→ **EXERCISE DETAILS**: Could you output the whole listing exactly as it stands, minus any images?

→ **SOURCE MATERIAL**:
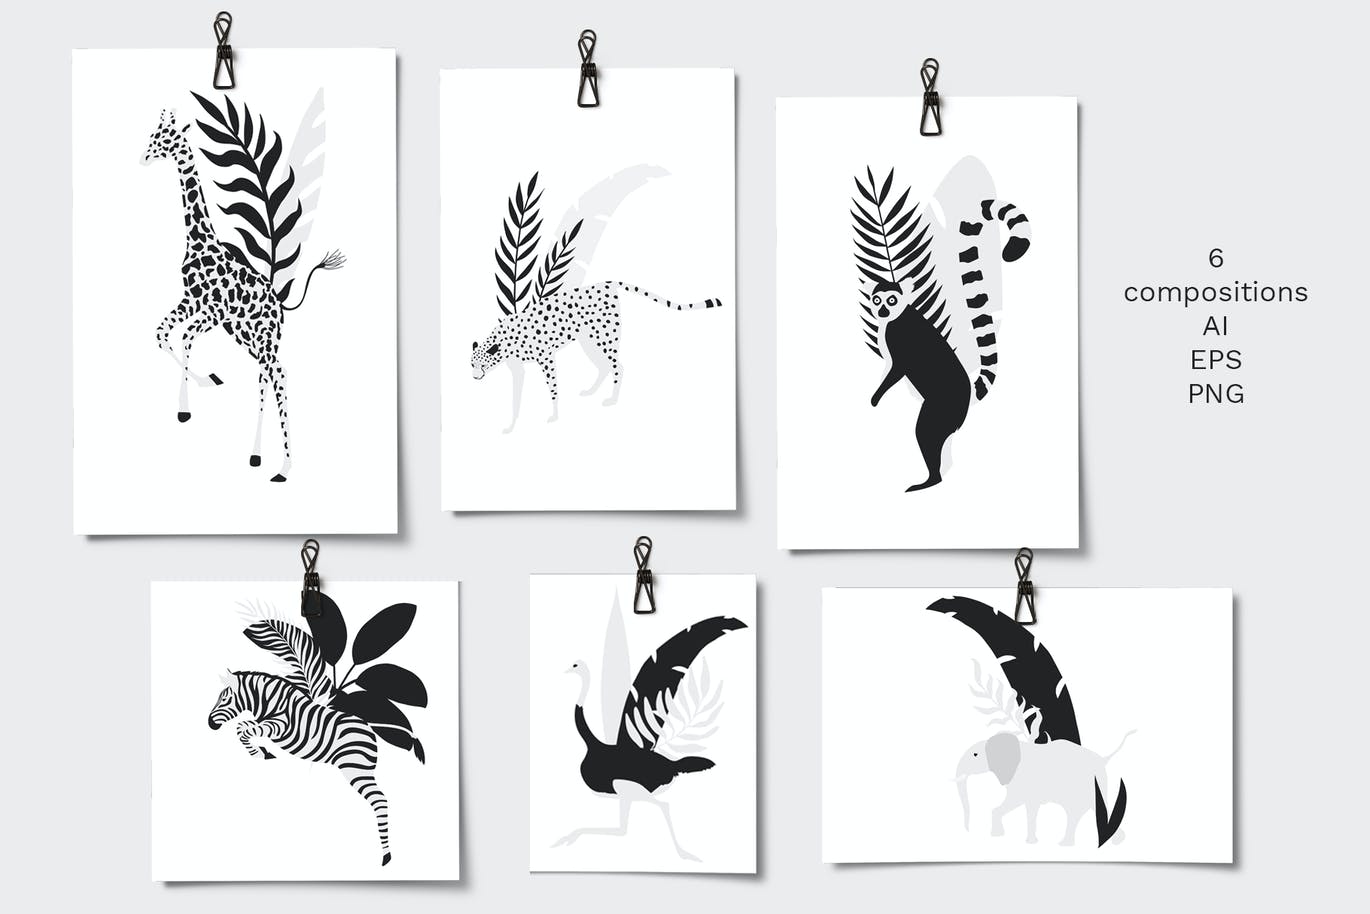 热带图案和动物剪贴画 Tropical patterns & animals clipart 图片素材 第9张
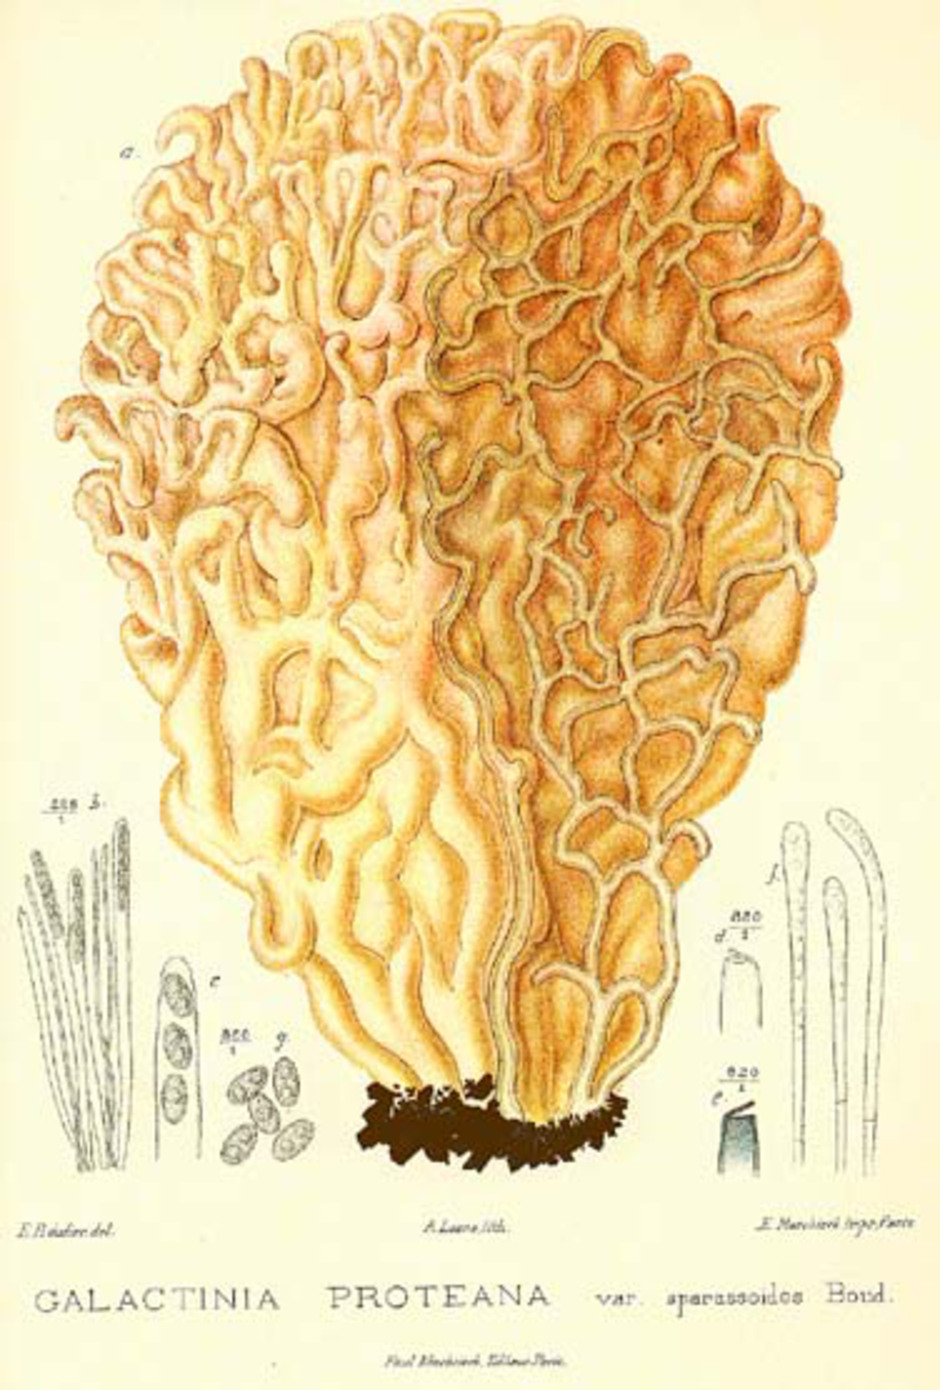 Plansch ur "Boudier, E. 1905-1910. Icones Mycologicæ ou Iconographie des champignons de France principalement discomycetes 2. Librairie des sciences naturelles, Paris."
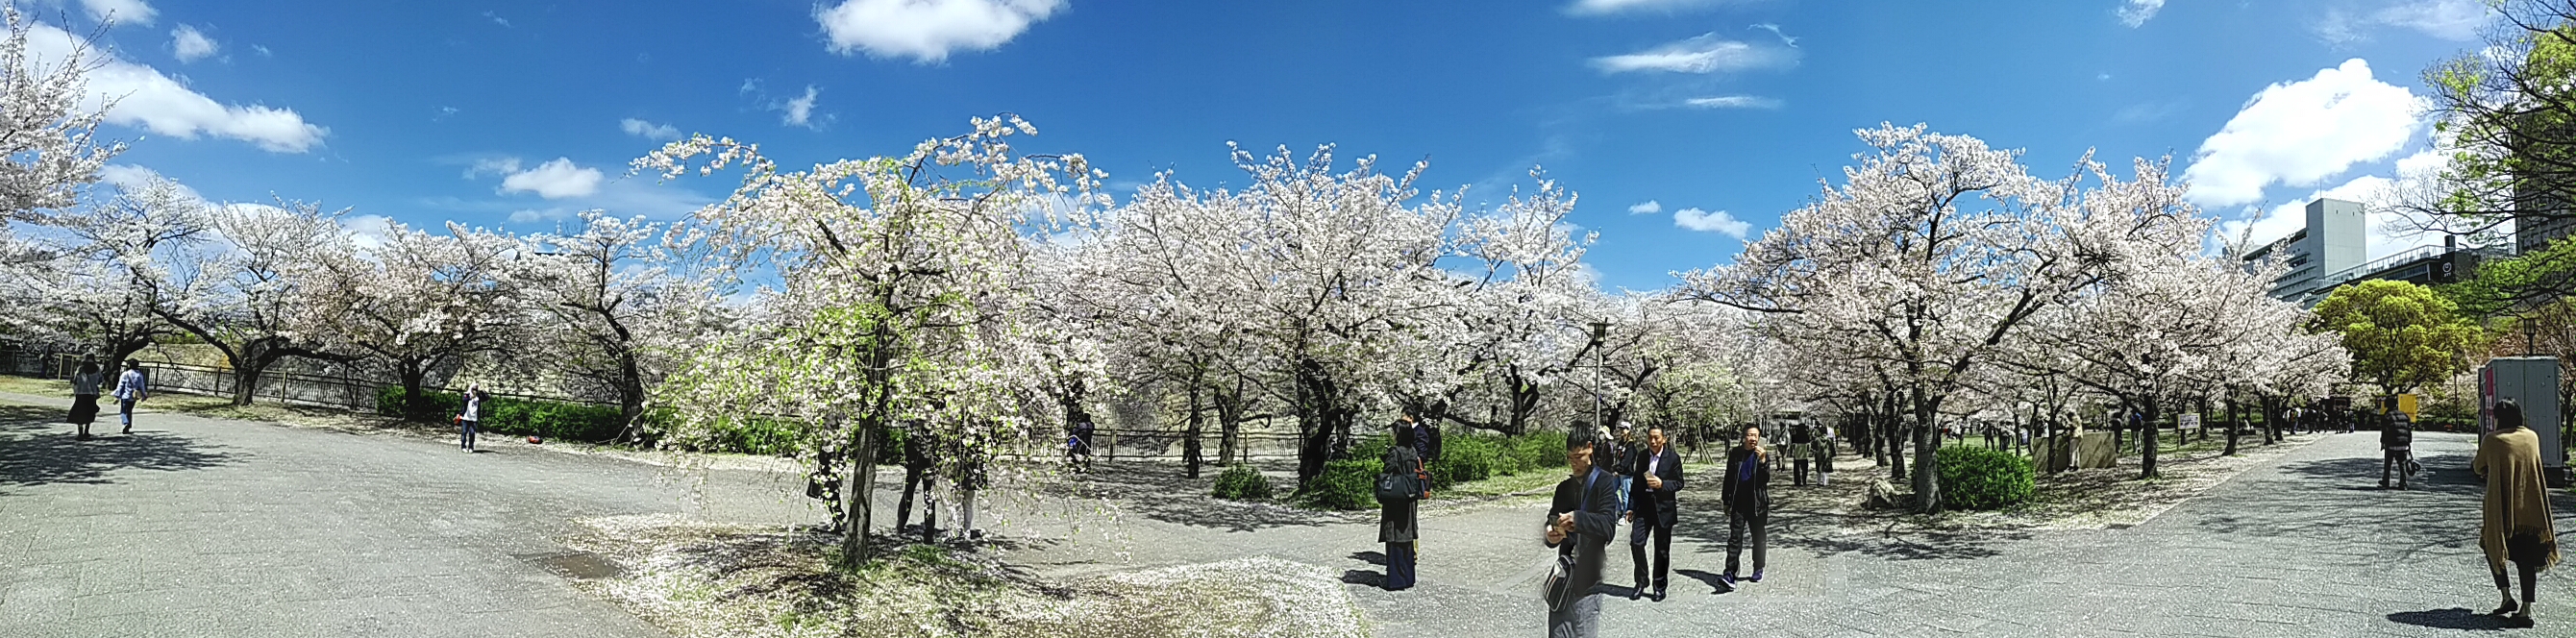 桜's image 1
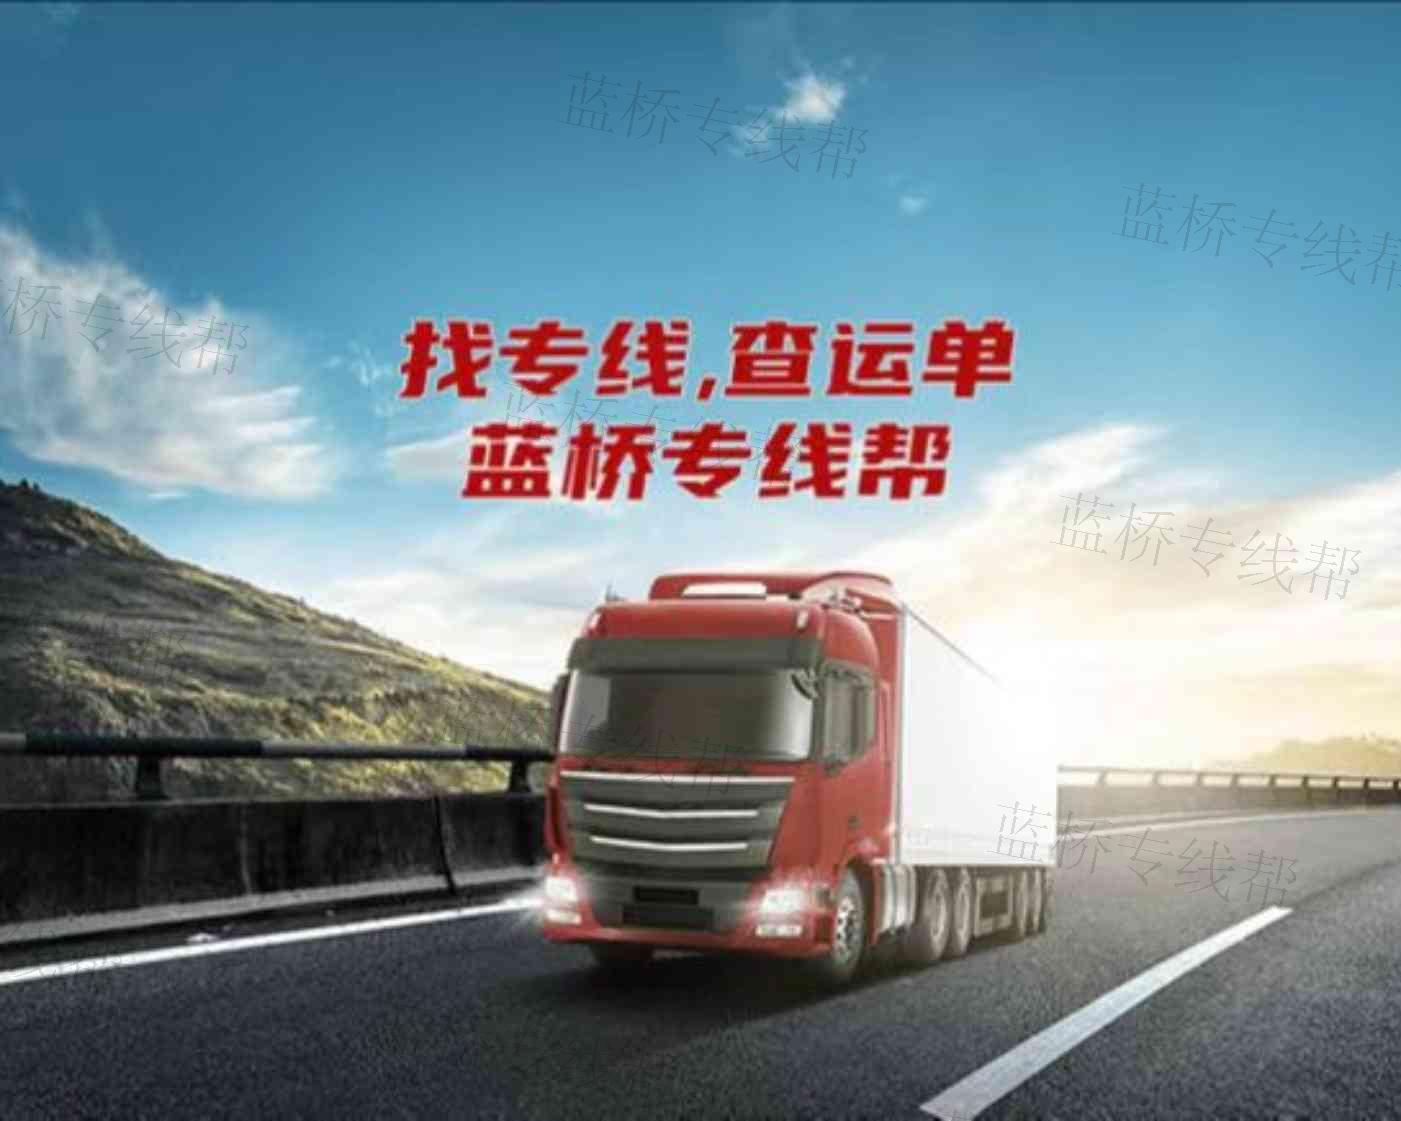 广州奥申物流有限公司贵阳线路

→ **RESULT FOR THIS TASK**:
 热带图案和动物剪贴画 Tropical patterns & animals clipart 图片素材 第9张
 Plansch ur "Boudier, E. 1905-1910. Icones Mycologicæ ou Iconographie des champignons de France principalement discomycetes 2. Librairie des sciences naturelles, Paris."
 桜's image 1
 广州奥申物流有限公司贵阳线路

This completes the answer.